I was speaking with a psychologist recently, who talked about how every single one of us must face the issue of self-reliance at some point in our lives. Often this confrontation happens due to an unforeseen event, like the early death of a parent, or perhaps when one first leaves home and goes out into the world, to college, or to get his/her first job.
It’s when you realize, when it comes right down to it, there is no backup, no one is going to rescue you from becoming a functioning, hopefully highly functioning adult, and no one can chart your life destiny but you. We do that one choice at a time.

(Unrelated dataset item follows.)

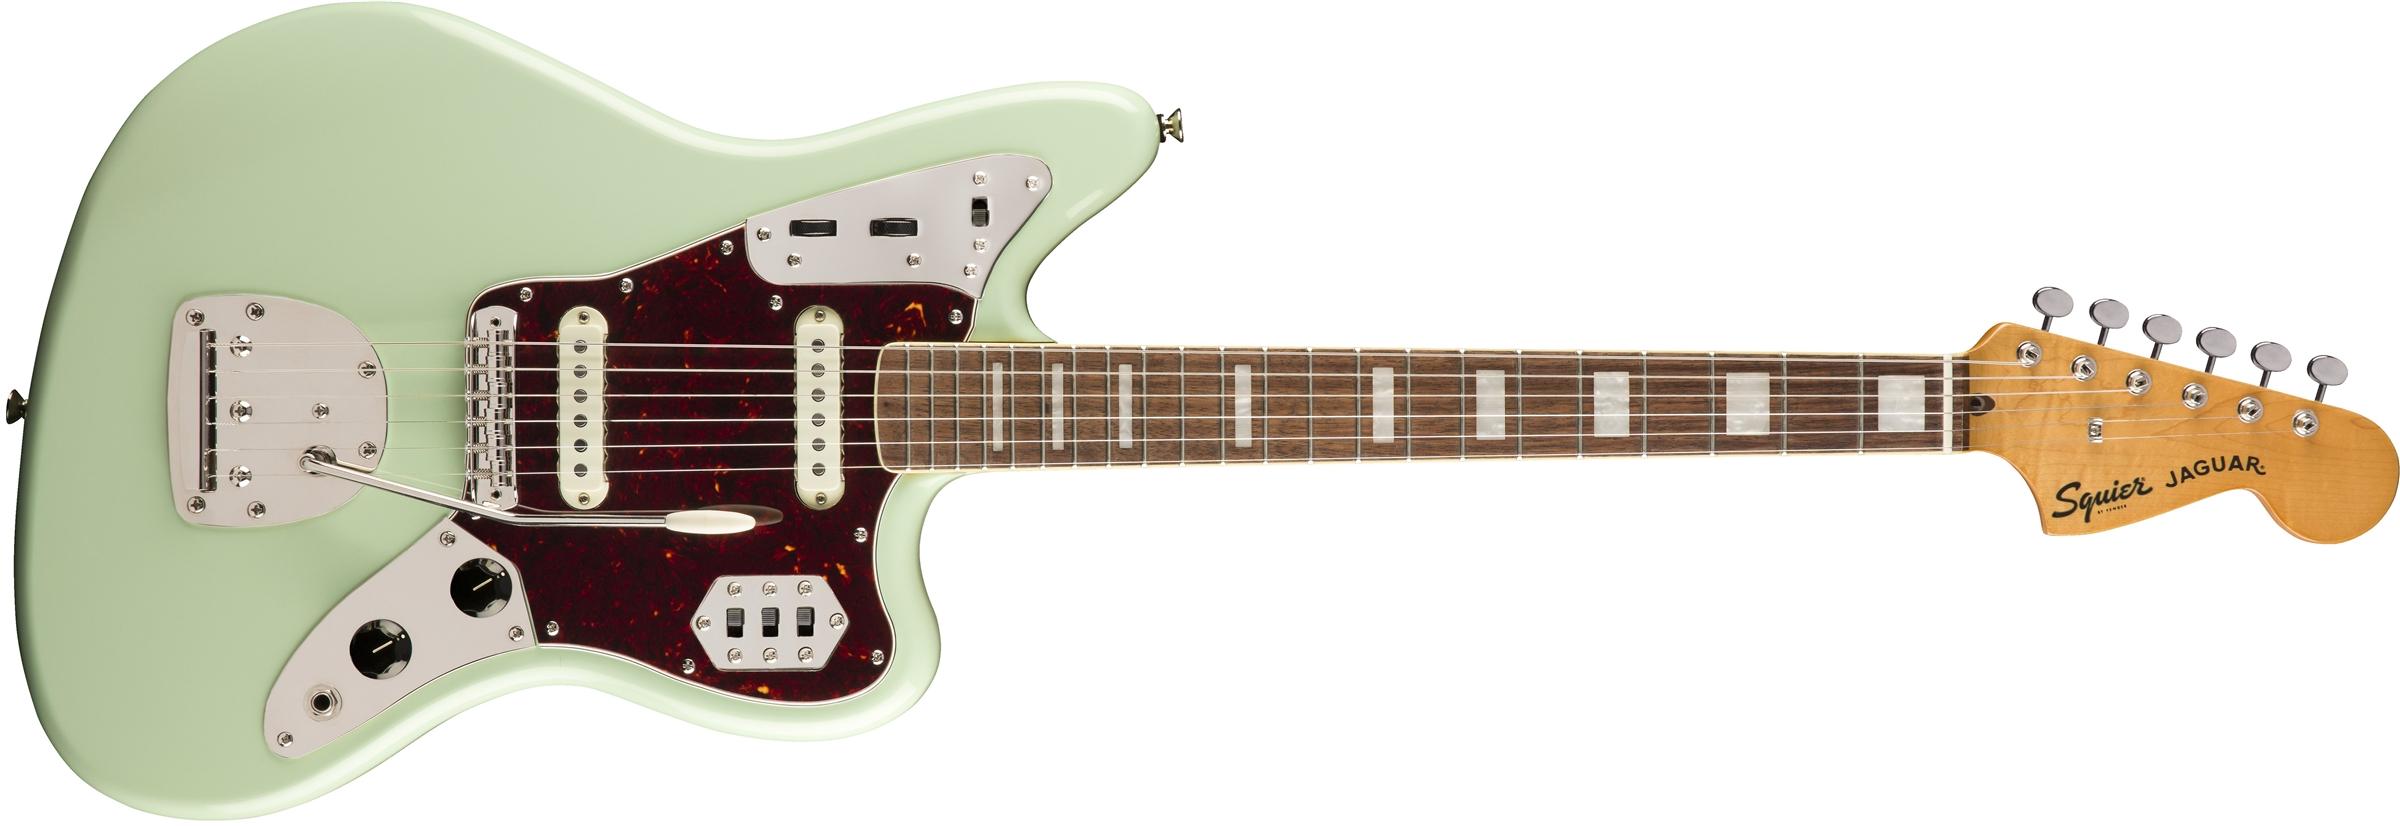 SQUIER-Classic-Vibe-70s-Jaguar-LF-Surf-Green-0374090557-sku-22958
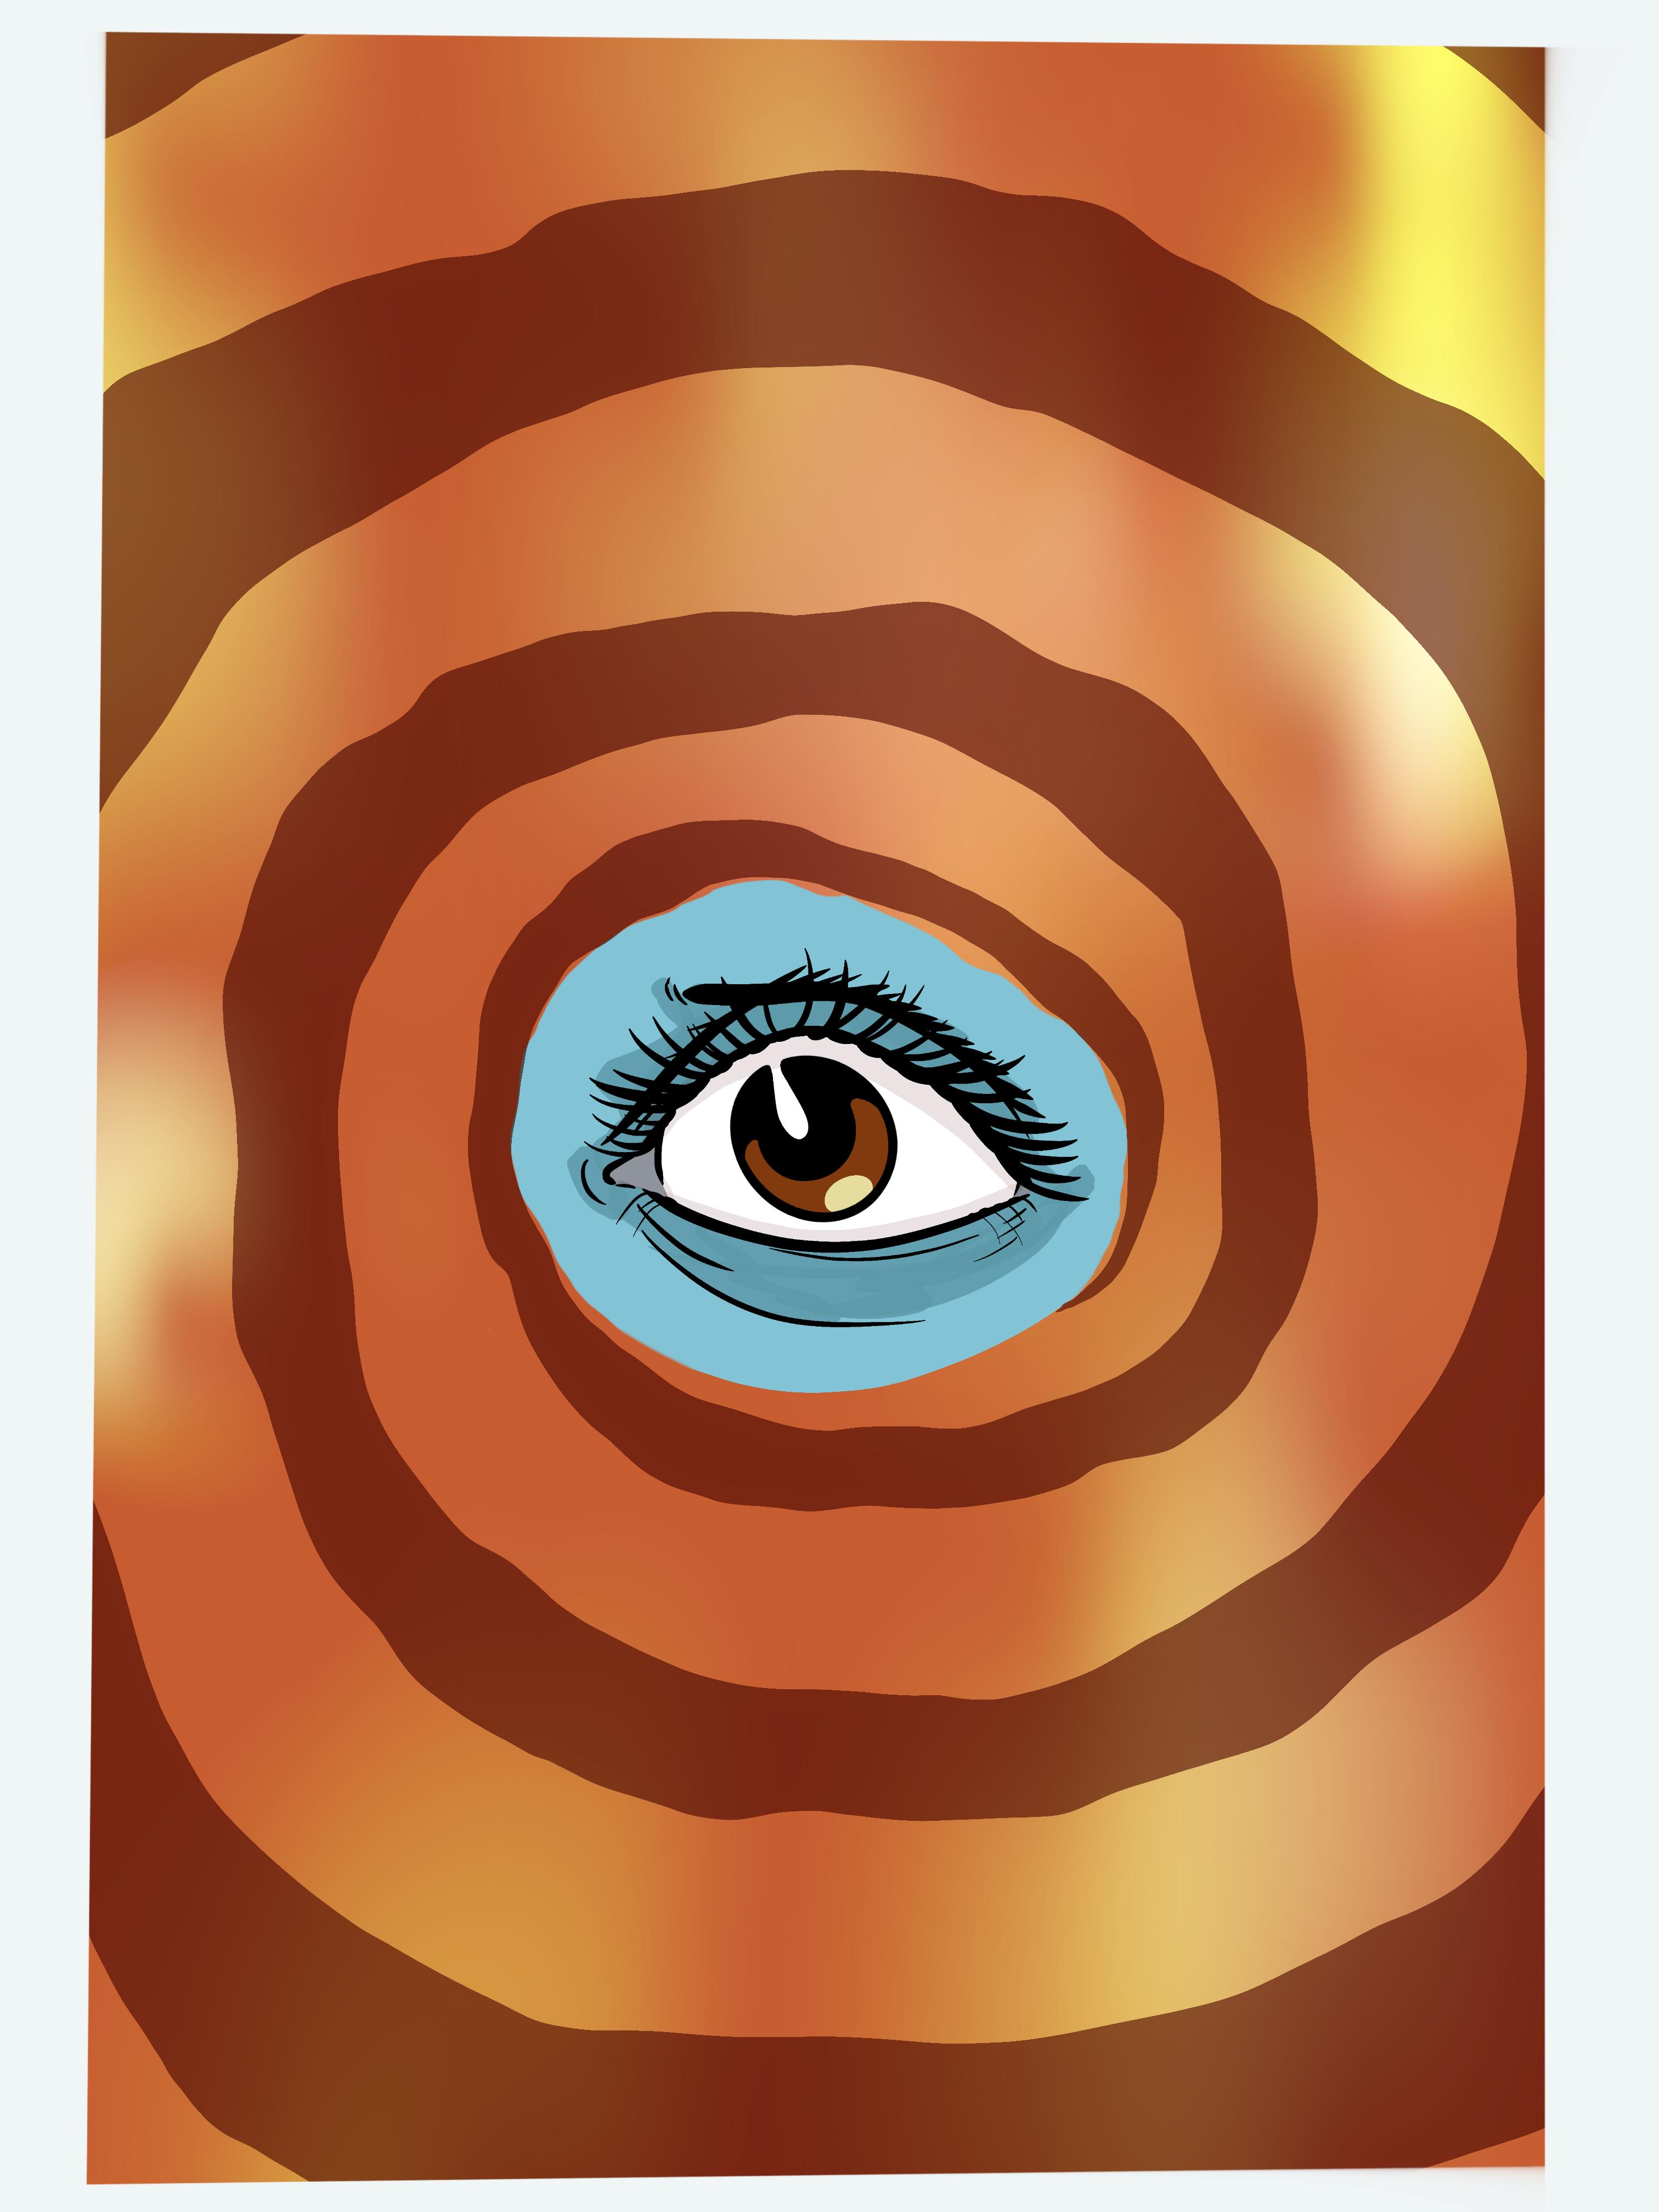 Uneasy eye digital drawing

Some individuals are protected from life’s vagaries for awhile longer—be in a marriage, when the other person carries the ball of providing for the family and protecting the other family members. As one man I know said once that there comes a day when you know that you, and only you, can ‘pull the wagon.’ These moments of realization, facing this truth, can be sobering, daunting, intimidating, and anxiety-producing.
If you’ve ever come to a moment like this, you know exactly what I mean. I’ve certainly faced such a moment when I knew that my marriage was over, and now I would be going on alone.
The good news about facing such a time in life is that on some level, you know you can make it. You now you can take care of yourself. And, incrementally, you make decisions and take action to become the emboldened you, the authentic you, the powerful you. And nothing is more satisfying than knowing, on a core level, that you can count on you—throughout the changes of life, be they economic, a process of aging, or relationships ending.
There is peace in that understanding…and strength…and hope. Even when the future seems uncertain. You know you will be there for you—you can, and will be able to, rely on yourself.
It’s a wonderful feeling. I hope you’ve experienced this already for yourself.